Trussler explained that an inability to hit collegiate pitching on the diamond mandated his adaptation of learning sports from the viewpoint of those behind the scenes. He umpired preseason baseball scrimmages; served in various roles of student-trainer and manager and assisted Lipscomb athletics in any possible manner.

“When I graduated, I joined the local officials under A.F. Bridges. and I just fell in love with it,” Trussler said. “I learned from the best. Earl Crowell, Gabby Street, Bill Pack Sr. I learned the game from then. They taught me that I better learn the rules and I better know how to enforce them.

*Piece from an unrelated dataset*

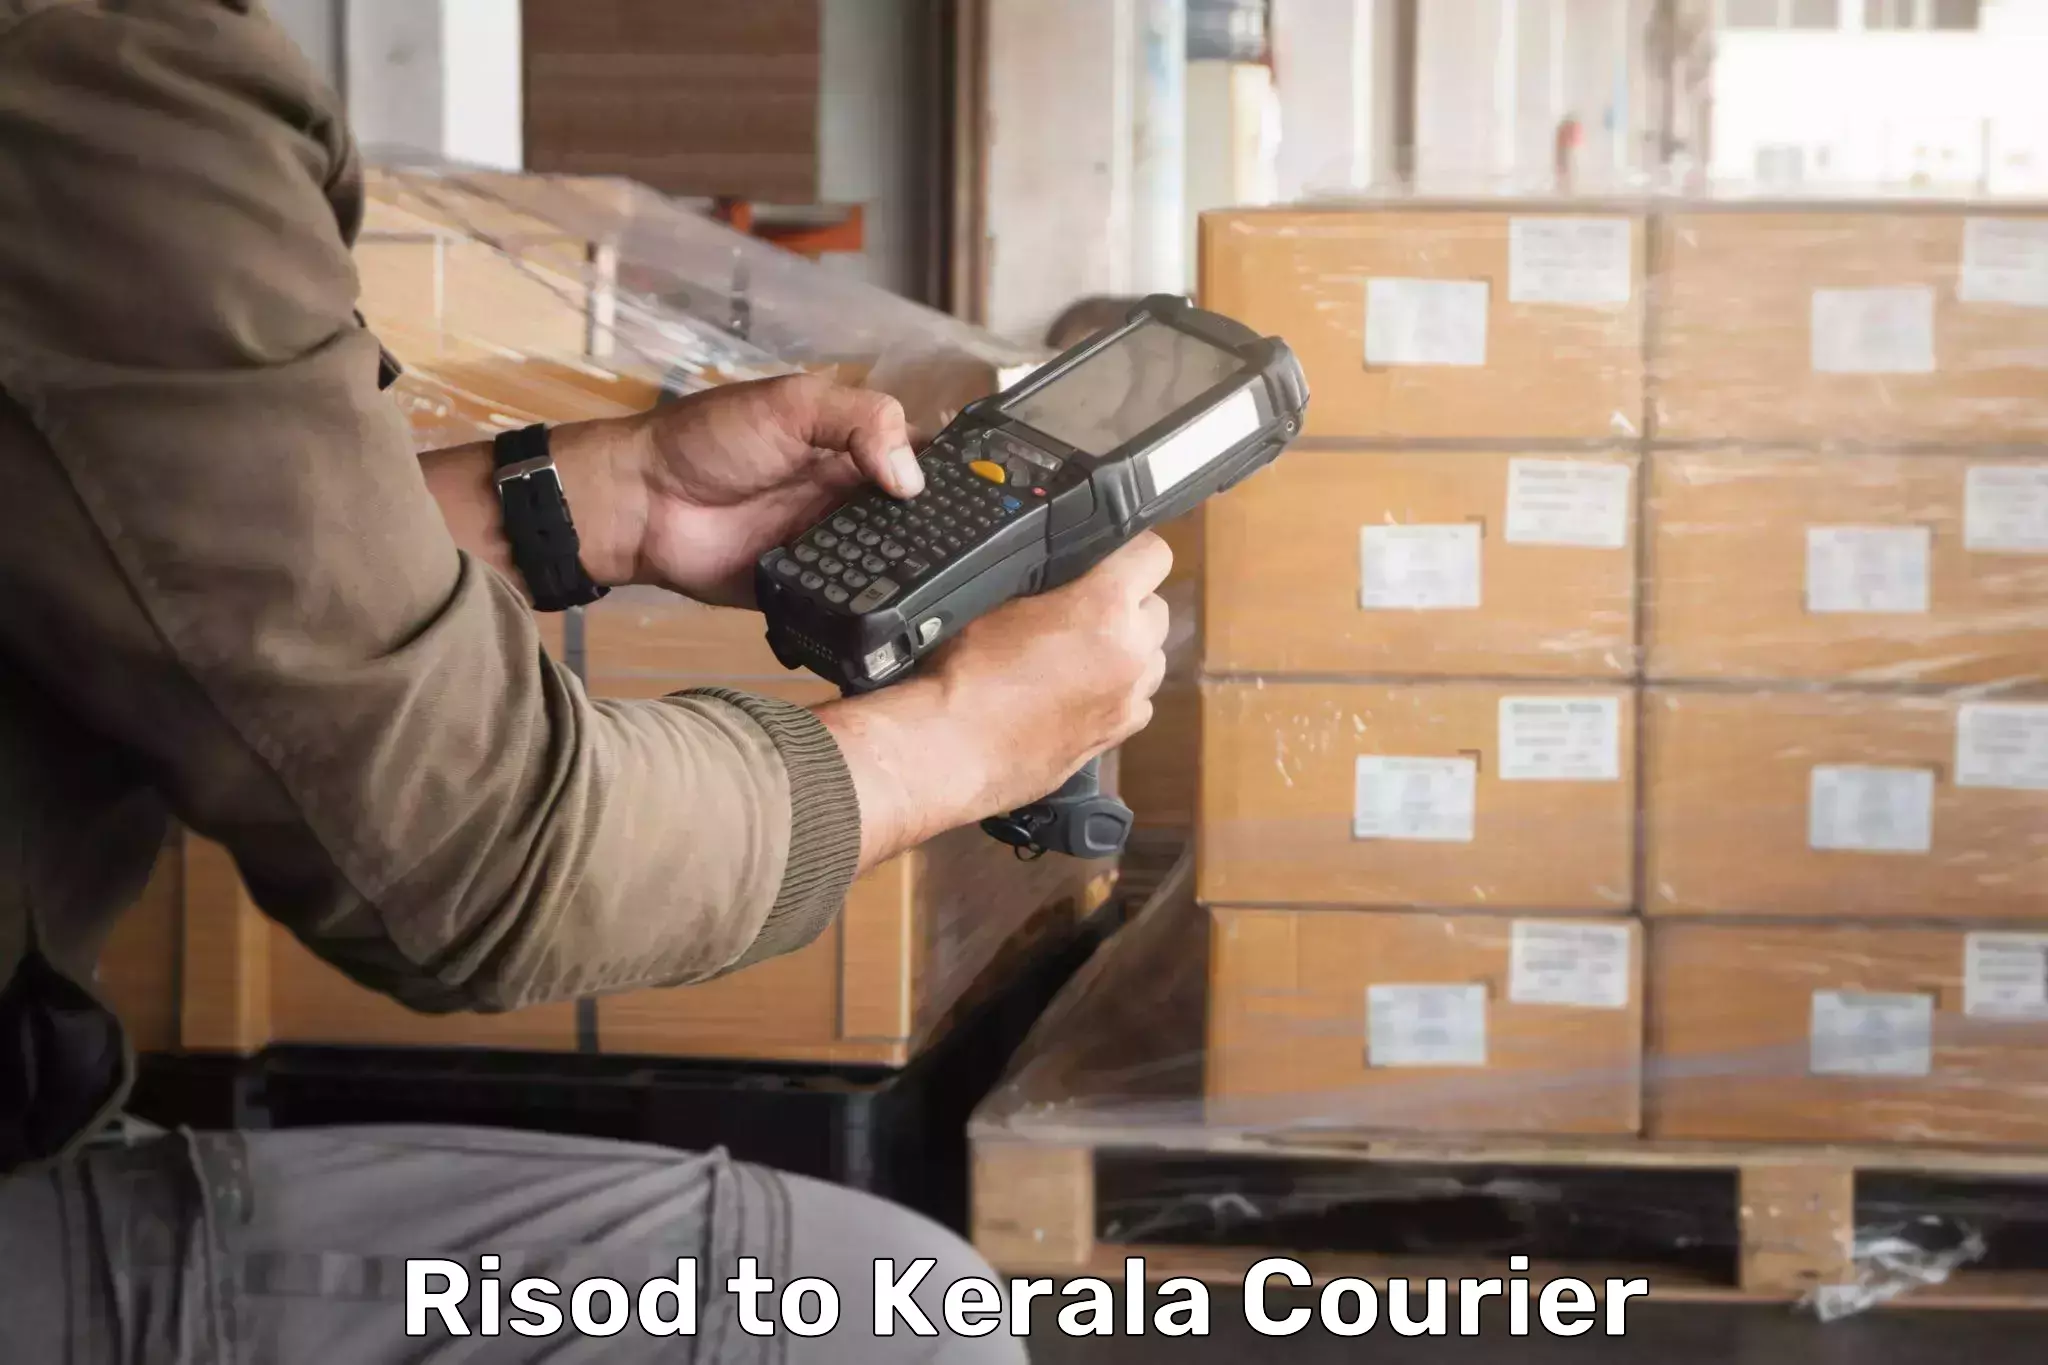 International parcel service Risod to Kerala

Trussler logged not just 50 years of officiating but also a five-decade tenure as an employee of the State of Tennessee. He worked 40 years in child protective services and public welfare before he added a decade as a public educator and administrator in both Grundy and Marion counties. Trussler was a recipient of the TSSAA Athletic Director of the Year award in 2018.

In addition to his longevity as a football official, Tressler has worked 15 TSSAA Spring Fling championships, can recall his early basketball work in six-on-six girls’ hoops and helped officiate a BlueCross Bowl football championship in Cookeville. He can recall an early football assignment that netted a $5 payday.

He and wife, Wilma, have been together since their days at Lipscomb and raised two sons, former NCAA collegiate athletes, Jay and Jon.

“I’m blessed,” Trussler said. “I still go to basketball and baseball and softball meetings, even though I’m not on the field. It’s just something that gets in your blood and you love it so much, it just stays with you. And that’s not happening anymore. A lot of younger guys can’t take the hammering from coaches and fans or the 200-mile roundtrips at night in fog and sleet and they get out of it. But it’s just a great profession; I’d recommend it to anybody. When I met Wilma at Lipscomb, I told her, ‘I love sports and I love kids, and this is what I’m going to do.’ And she never complained. We’ve stayed married 50 years with me gone all those nights.”

Now 73, Trussler isn’t planning an end anytime soon to his love affair with high school athletics.

“There have been a lot of changes,” Trussler said. “Three or four uniform changes, scores of rules changes. It keeps evolving and keeps evolving toward increased safety for the players.

“But I hope I can stand on that sideline and run that clock for Mr. (Ken) Pack for another 10 or 15 years.”